Читаем Воспитание школы Станиславского полностью

Просмотрев репетицию, Станиславский сказал: “Вы играли чувства, играли свои страдания, а это неверно, мне нужно видеть событие и как в этом событии действовали, боролись люди — действовали, а не страдали. В том, что делали вы, нет подлинной логики, а значит, нет и правды. В жизни человек действует, а не демонстрирует свои чувства. Вы медленно вносите раненого и стараетесь показать свои тяжелые переживания по этому поводу, а на самом деле вы должны спасать раненого, вбежать в комнату, кое-как ухватив его, для того чтобы спасти, так как по городу уже разыскивают белых. Внеся его, вы должны не знать, что с ним делать, куда положить. Мечетесь по комнате, в растерянности кладете его прямо на пол, потом соображаете, что нельзя его оставить на полу... Но куда положить? Из него хлещет кровь, все перепачкалось ею, боятся прикоснуться к чему-либо окровавленными руками; наконец решают все же перенести и положить его на диван, но диван загроможден подушками и всяким хламом. Надо все это разобрать, и все наперебой бросаются к дивану, мешают друг другу, нервничают, чуть не ругаются и т. д. и т. д. Видите, сколько тут дела. А вы так вносите его, как будто здесь хирургическое отделение, где все приготовлено для операции. А должна быть полная бестолковщина. До переживаний ли тут? И естественно, что шум, поднятый этой бестолковщиной, привлек внимание Елены и она выбежала из своей комнаты. Вы чувствуете, какой ритм в этой сцене? А вы начали играть ее в ритме торжественных похорон. Ну а дальше, что представляет собой дальнейшее развитие этой сцены? Вы играете сцену, в которой собрались милые, добрые, чувствительные друзья дома. Они вас утешают, бьющуюся в истерике, рыдающую хозяйку дома, которую все очень любят. При этом сами вы льете слезы сострадания. Все это может быть и так, но само решение сцены бездейственно и сентиментально. Переведите в действие: здесь происходит страстный, горячий спор. Елена уверяет всех, что Алексей убит, а остальные яростно вступают с ней в пререкания, пытаются доказать ей, что этого не может быть. И когда Елена по ответу Николки убеждается в том, что она права, то даже с радостью какой-то—да, с радостью, не бойтесь этого — обращается ко всем:

— Ну, все понятно! Убили Алексея! (Видите, я права, а не вы!) — И торжествующе:— Я ведь знала, я чувствовала, когда он уходил, знала, что так кончится! (Видите, какая я догадливая!)

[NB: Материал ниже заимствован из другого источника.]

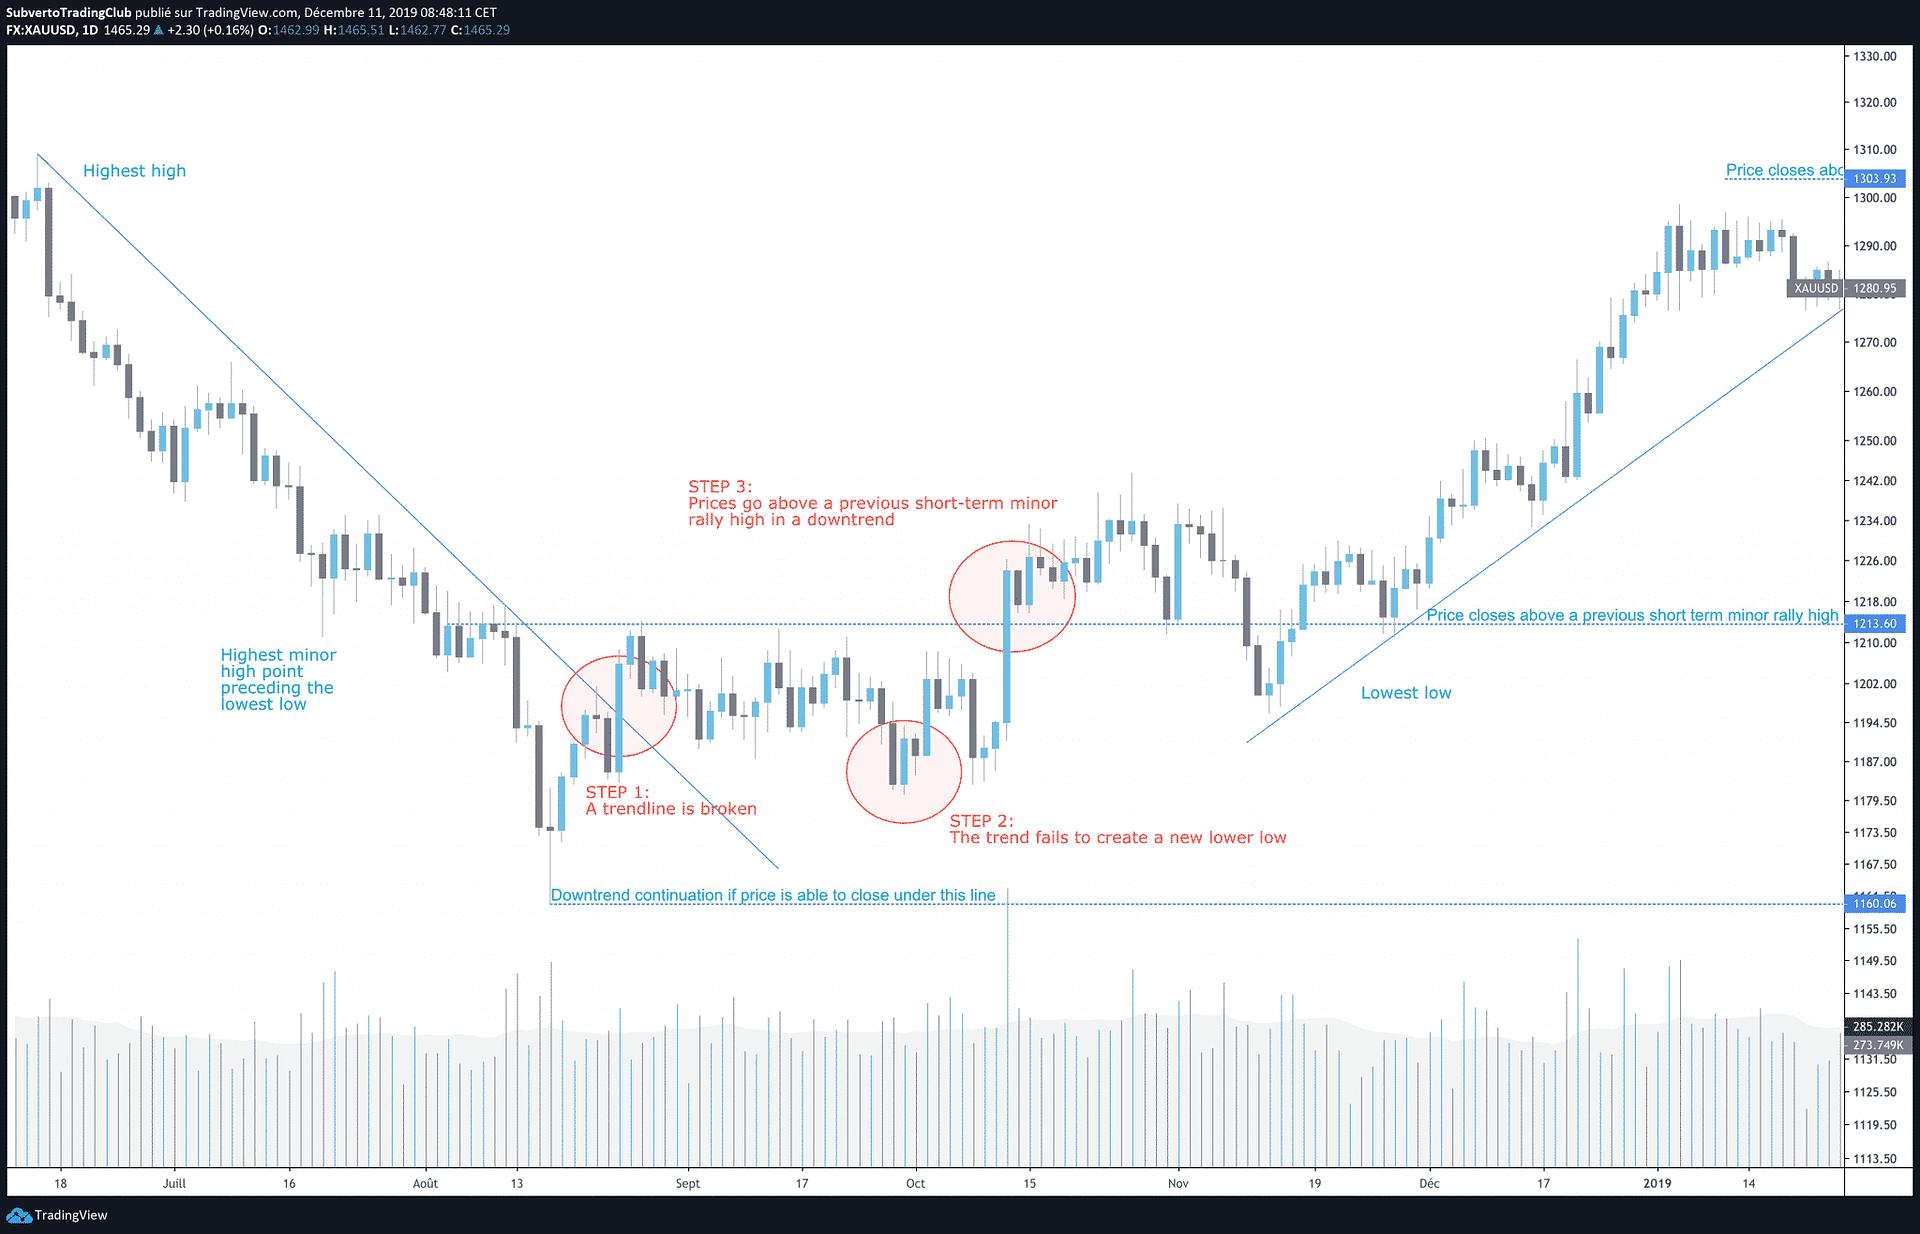 Vic SPERANDEO downtrend trend reversal step by step 1 2 3

И вот теперь попробуйте успокаивать ее—не плачущую, не рыдающую женщину, а вот такую, которая при данных обстоятельствах улыбается! Да ведь к ней страшно подойти, невозможно, жутко. В следующий момент она, как это свойственно всем попавшим в несчастье, ищет виновников его и, как разъяренная тигрица, набрасывается на своих друзей, бросая им жестокие обвинения, требуя от них ответа:

-— ...А вы, старшие офицеры! Старшие офицеры! Все домой пришли, а командира убили...— и дальше теряет сознание”.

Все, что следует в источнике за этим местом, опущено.